# DSDS - A german Singer Casting Show



## Alexander1970 (Apr 7, 2019)

Hello.

In Germany is at the Moment a Show called DSDS - Deutschland sucht den Superstar.Its an Spin-Off from U.K.´s POP IDOL since 2002.

In the actual Season appears an new Zealand guy named Nick Ferretti (street musician) from Mallorca,the greatest island from Balearic Islands a part of Spain.He is "discovered" fro mgerman POP TITAN Dieter Bohlen (the other Guy from MODERN TALKING).

The age-limit for the competitors is from 16-30 Years.The guy is 29.

Rate yourself:
View attachment 163038

There is an discussion that he is OLDER than 29.
And thats where it gets interesting:

If you search for him via GOOGLE there are SOME of the search results where removed.
Explanation: Some results may have been removed due to the provisions of European data protection law. 

Coincidence or has someone something to hide ?



Naaa.Its all nonsens and paranoid i think.


----------



## Veho (Apr 8, 2019)

alexander1970 said:


> If you search for him via GOOGLE there are SOME of the search results where removed.
> Explanation: Some results may have been removed due to the provisions of European data protection law.


If you search for anything that Google recognizes as a name, you will get the "Some results may have been removed under data protection law in Europe" notice at the bottom.
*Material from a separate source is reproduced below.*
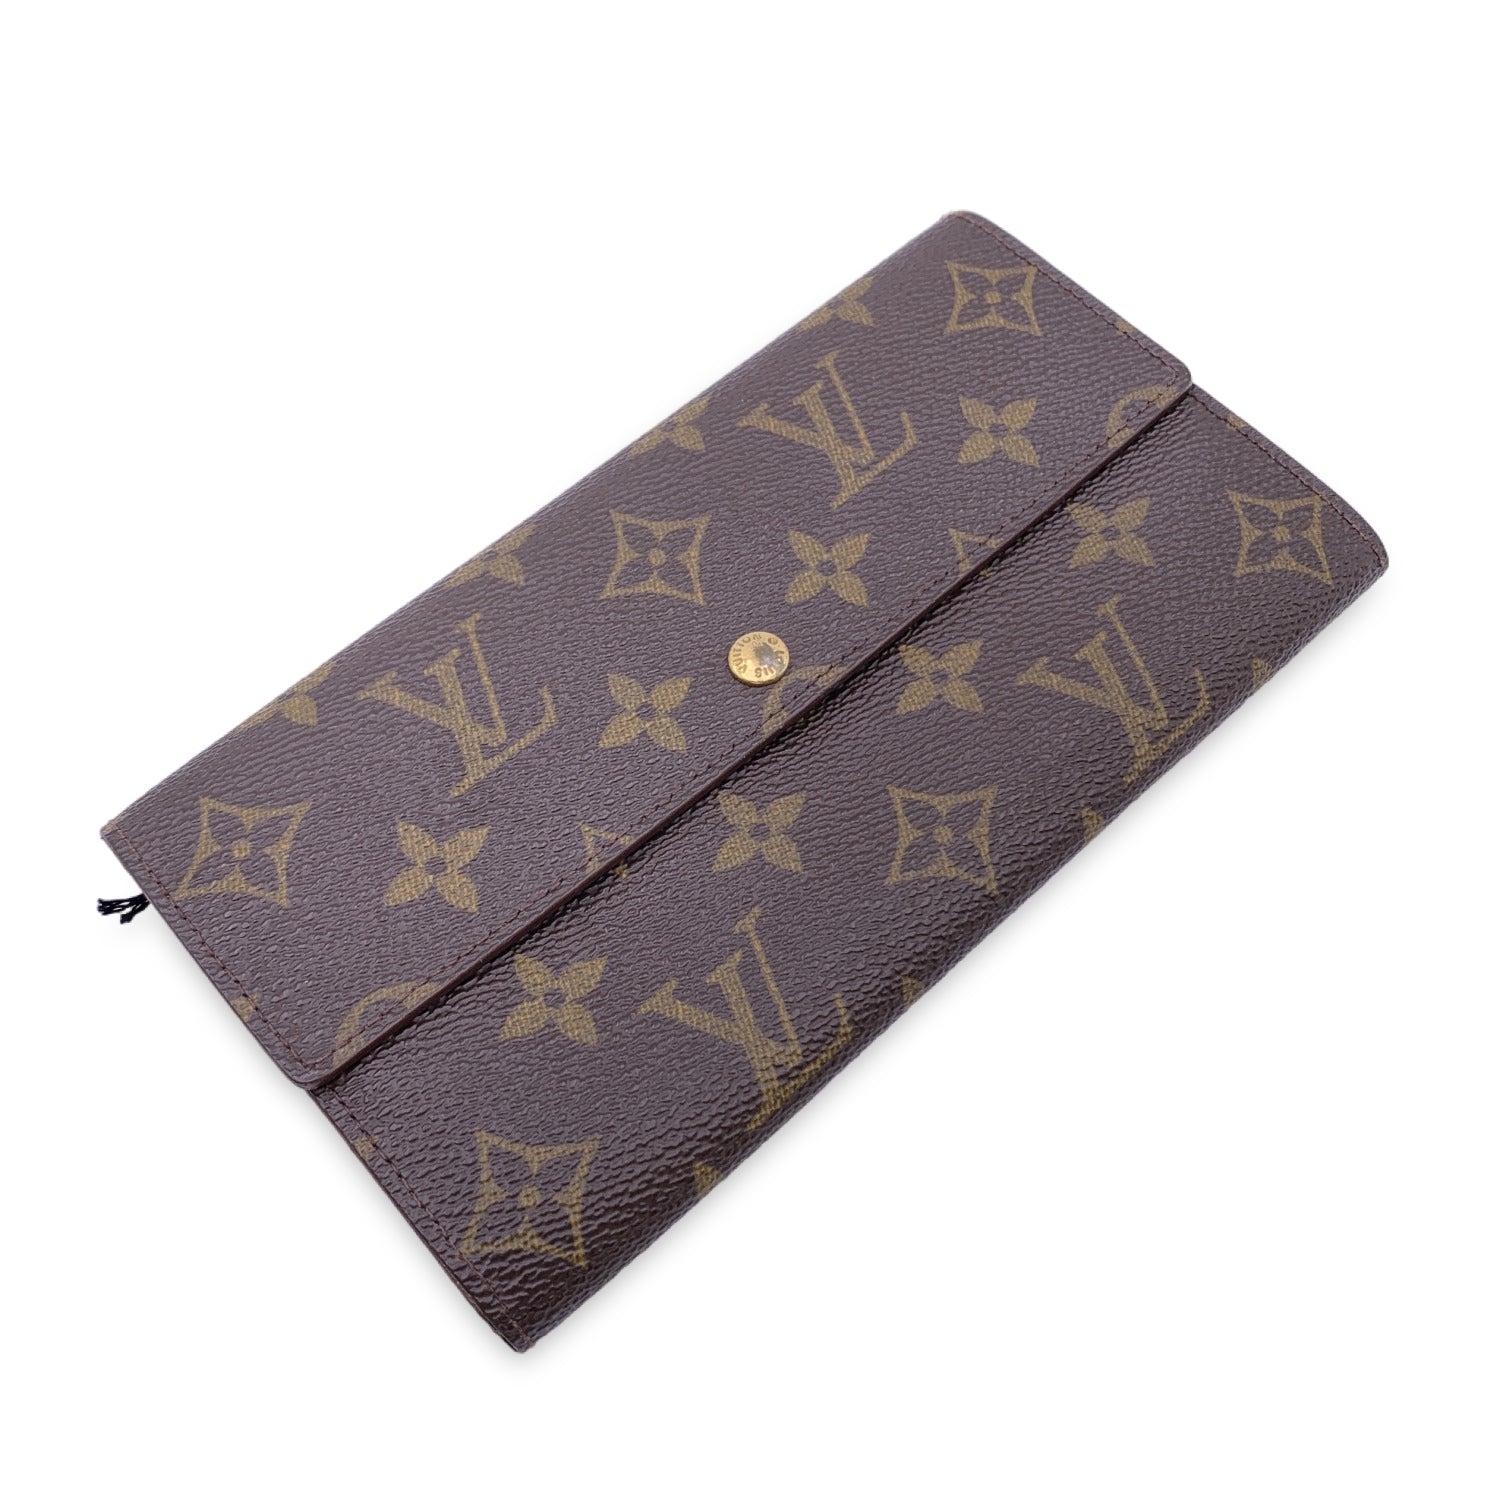 Louis Vuitton 'Sarah' wallet, in brown monogram canvas. Interior fully lined in leather. Flap with snap closure. 2 open pockets under the flap. 1 coin compartment with zip closure. 2 bill compartments. 'LOUIS VUITTON Paris - Made in France' engraved

Note phrasing: "may have"; doesn't mean they actually were removed, just that EU laws allow individuals to request removal of their personal information from Google search results. 

https://policies.google.com/faq?hl=en-GB&gl=uk

Try your own name out, you'll get the same message. Are you hiding something?


----------



## Alexander1970 (Apr 8, 2019)

Hello.



> Are you hiding something?





Yes,my REAL age.That´s why i´m using a "fake" number im my username.


----------



## Working_Goose (Apr 8, 2019)

This Show is bullshit and 90% of it is Scripted.


----------



## Alexander1970 (Apr 8, 2019)

Redbunnymoon said:


> This Show is bullshit and 90% of it is Scripted.



certainly not.

https://www.google.at/search?source...2i10i30j0i22i30j33i22i29i30j33i21.59C5q5CiG-E








It´s *100 %* scripted.
and ouf course ALL is REAL.


----------